Ze względu na swoją rolę jako menedżera ryzyka i jednego z głównych inwestorów, branża ubezpieczeniowa ma wyjątkową pozycję do promowania zrównoważonego rozwoju gospodarczego, społecznego i środowiskowego. Ogromne przepływy kapitałowe i długoterminowy horyzont związany z działalnością inwestycyjną i ubezpieczeniową mogą pomóc w przejściu od skupiania się na krótkoterminowych zyskach do budowy zielonej, sprawiedliwej i sprzyjającej włączeniu społecznemu gospodarki – mówi Irena Pichola, partner, lider zespołu ds. zrównoważonego rozwoju w Polsce i Europie Środkowej, Deloitte. – Jednocześnie branża ma potencjał do stworzenia odpowiednich produktów zapewniających z jednej strony właściwą ochronę dla klientów, a z drugiej odpowiednie stopy zwrotu dla inwestorów. Wiedza ubezpieczycieli w zakresie zarządzania ryzykiem klimatycznym plasuje ich na wyjątkowej pozycji, by wnieść znaczący wkład w debatę na temat zmian klimatycznych – dodaje.

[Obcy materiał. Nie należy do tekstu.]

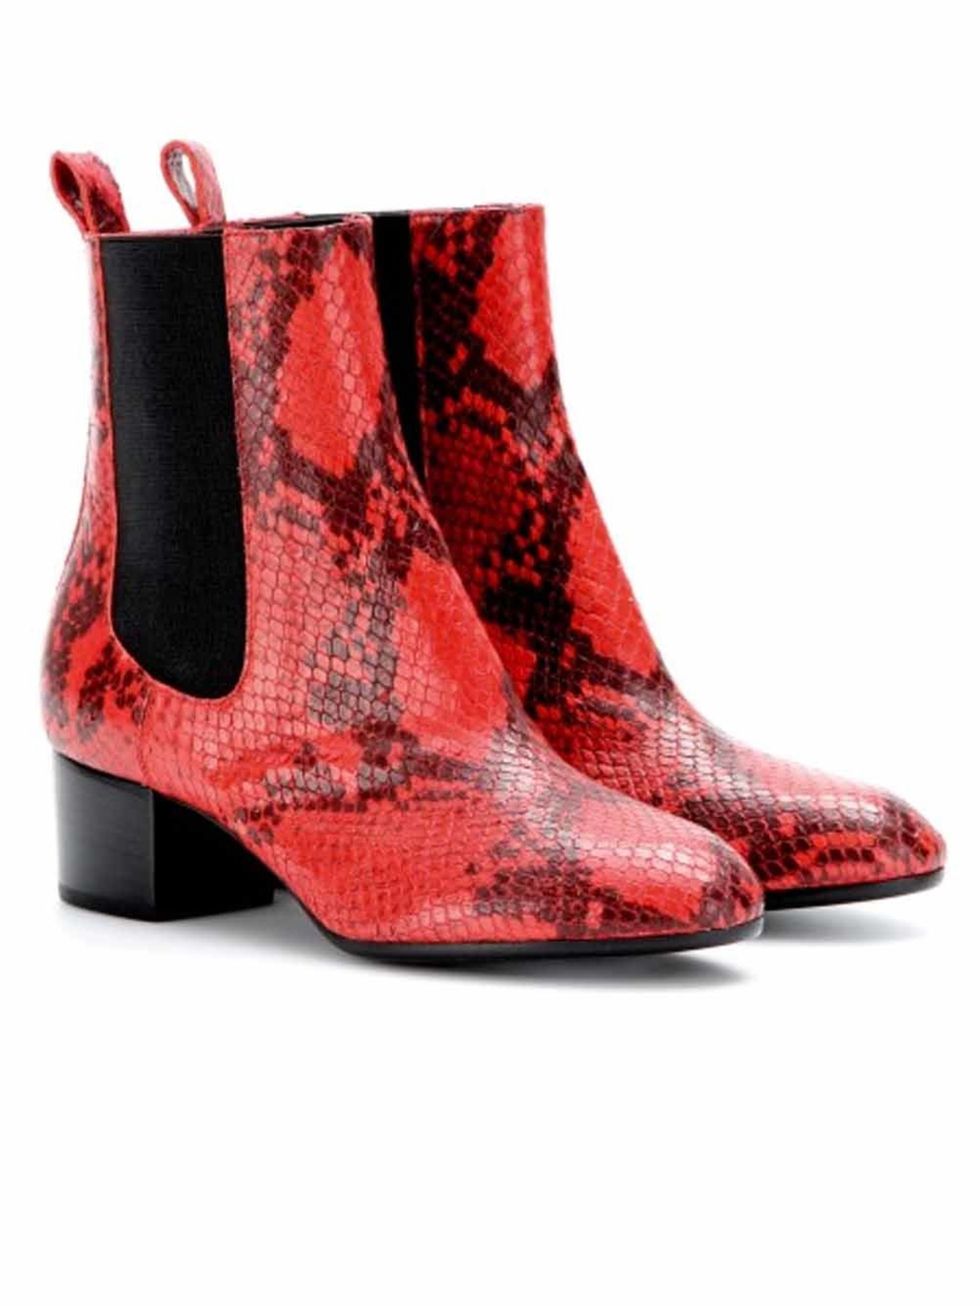 Footwear, Red, Boot, Carmine, Fashion, Black, Maroon, Pattern, Leather, Synthetic rubber, 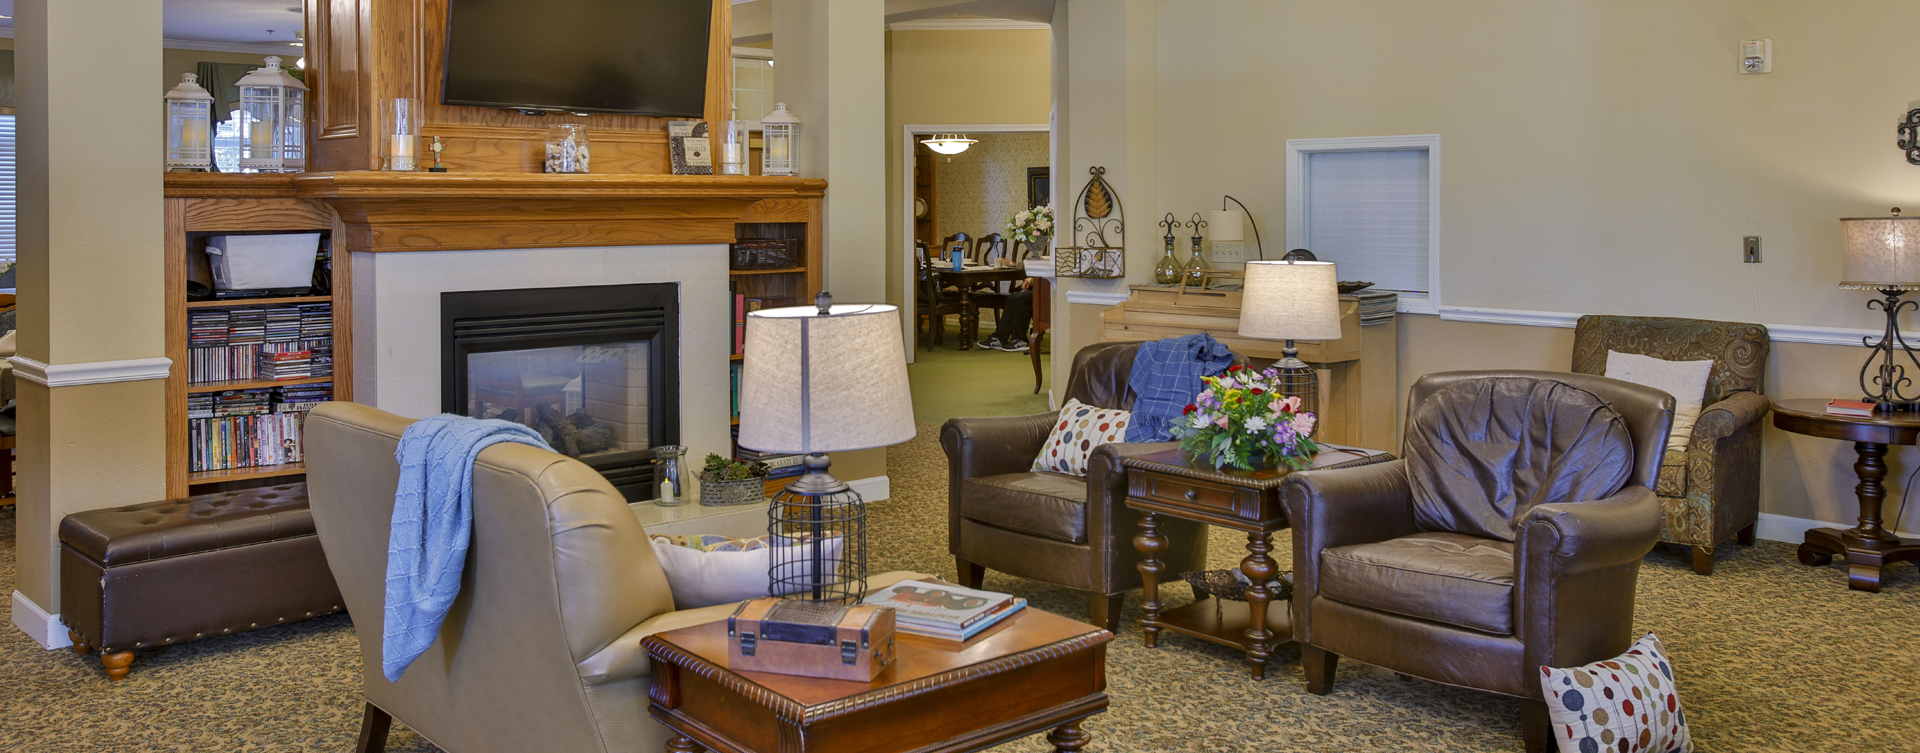 Socialize with friends in the living room at Bickford of Crawfordsville

W kontekście europejskim warto również zwrócić uwagę na bioróżnorodność, która będzie stałym punktem zainteresowania w kontekście ESG. Zmiany klimatyczne na nią oddziałujące będą wymagać jeszcze większego zaangażowania biznesu. Kierunki działania będą wyznaczać takie inicjatywy jak Taskforce on Nature-related Financial Disclosures, której celem jest dostarczenie instytucjom finansowym pełnego obrazu ich ryzyk środowiskowych. Należy jednak zaznaczyć, że ESG to także działania związane ze społeczną odpowiedzialnością i ładem korporacyjnym. W kwestiach społecznych działania europejskich ubezpieczycieli nie są tak widoczne, a powinny być równie ważnym punktem w agendzie.